Bayesian Interpretation of L1/L2 Regularization

Overview

Regularization in frequentist machine learning corresponds to placing priors on parameters in Bayesian machine learning. Understanding this connection helps explain why regularization works and how to choose regularization strength.
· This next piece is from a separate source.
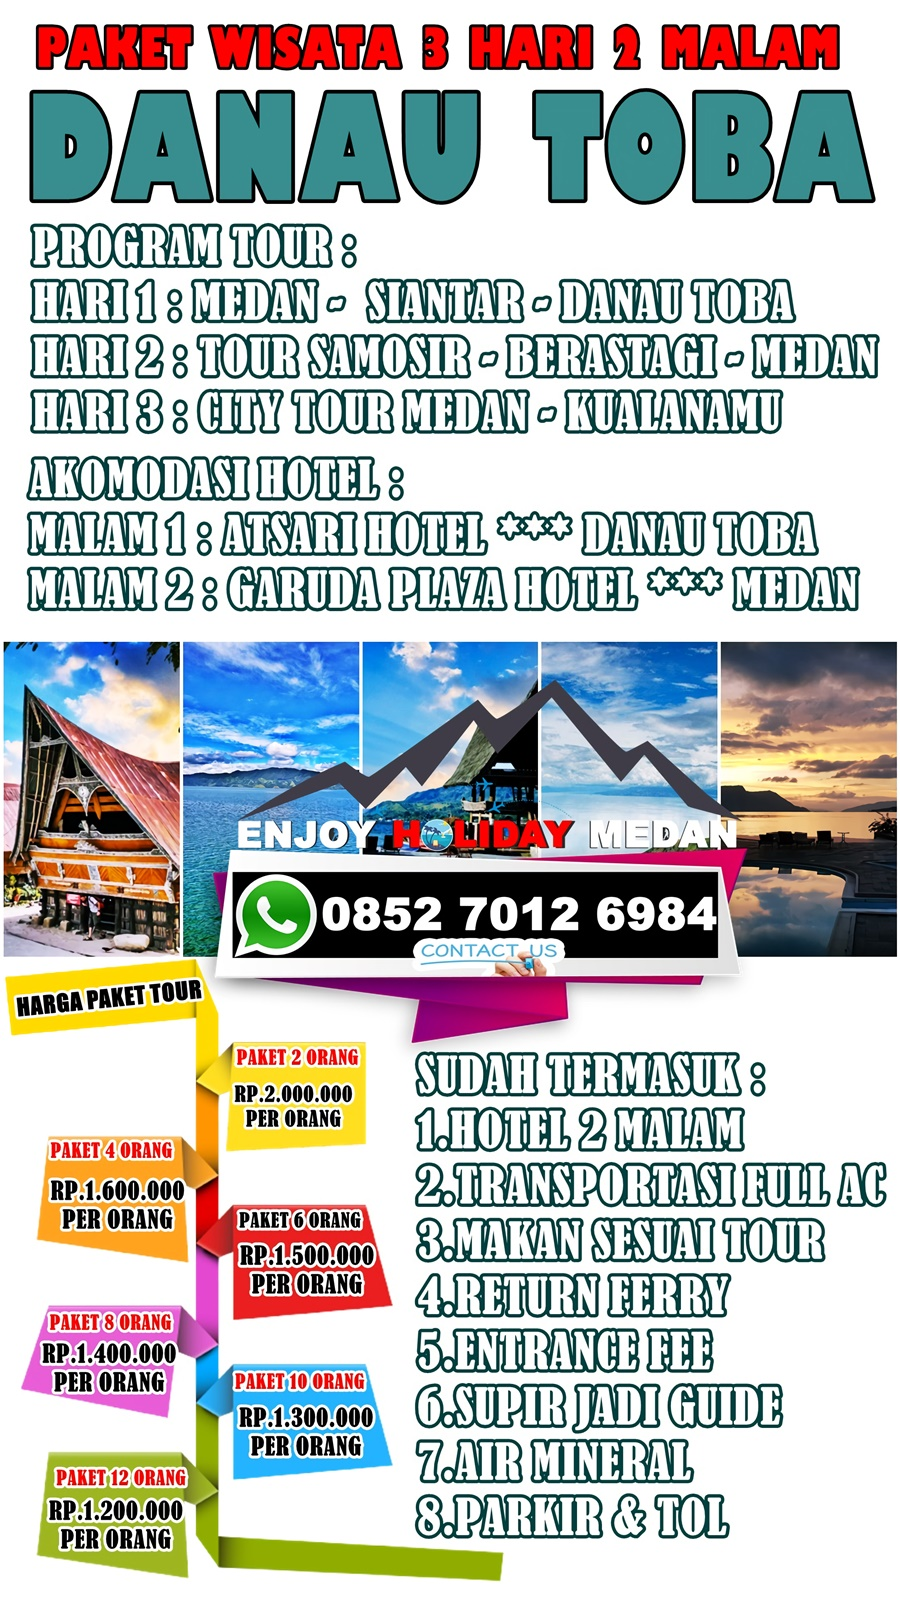 3H2M Paket Tour Medan Bukit Lawang

L2 Regularization (Ridge) = Gaussian Prior

Frequentist Formulation

Loss Function:

L(w) = MSE + λ * ||w||²
     = (y - Xw)² + λ * Σ wᵢ²

Minimize: (y - Xw)² + λ||w||²

Gradient:

∂L/∂w = -2X^T(y - Xw) + 2λw = 0
→ w = (X^T X + λI)^(-1) X^T y

Bayesian Interpretation

Prior Distribution:

w ~ N(0, σ²_prior I)

Where:
- Mean: 0 (parameters centered at 0)
- Variance: σ²_prior = 1/λ
- Higher λ → Smaller variance → Parameters closer to 0

Posterior Distribution:

P(w|data) ∝ P(data|w) * P(w)
          ∝ exp(-MSE/2σ²) * exp(-||w||²/2σ²_prior)
          ∝ exp(-(MSE + λ||w||²)/2)

Where λ = σ²/σ²_prior

Maximum A Posteriori (MAP) Estimation:

MAP = argmax_w P(w|data)
    = argmax_w log P(w|data)
    = argmin_w (MSE + λ||w||²)

This is exactly the regularized loss function!

Detailed Explanation

What the Gaussian Prior Means:

The Gaussian prior N(0, 1/λ) assumes that:

Parameters are normally distributed around 0
Most parameters should be small (high probability near 0)
Few parameters should be large (low probability far from 0)
Symmetric: Positive and negative values equally likely

Why it Works:

1. Prevents Overfitting:

Without regularization: Model can learn large parameters to fit noise
With L2: Large parameters are penalized (low prior probability)
Model prefers smaller parameters (higher prior probability)

2. Smooth Shrinkage:

All parameters shrunk toward 0
But rarely exactly 0 (Gaussian has no sharp peak)
Smooth, continuous shrinkage

3. Handles Multicollinearity:

When features are correlated, coefficients can be unstable
L2 regularization stabilizes by shrinking toward 0
Reduces variance of estimates

Effect of λ (Regularization Strength):

λ = 0: No regularization (MLE)
- Parameters can be any value
- Risk of overfitting
λ small (0.01): Weak regularization
- Parameters can be moderately large
- Slight shrinkage
λ medium (1.0): Moderate regularization
- Parameters shrunk toward 0
- Balanced bias-variance tradeoff
λ large (100): Strong regularization
- Parameters very close to 0
- Risk of underfitting

Mathematical Connection:

λ = σ² / σ²_prior

Where:
- σ²: Noise variance in data
- σ²_prior: Prior variance of parameters
- Higher λ: More confidence in prior (smaller σ²_prior)
- Lower λ: Less confidence in prior (larger σ²_prior)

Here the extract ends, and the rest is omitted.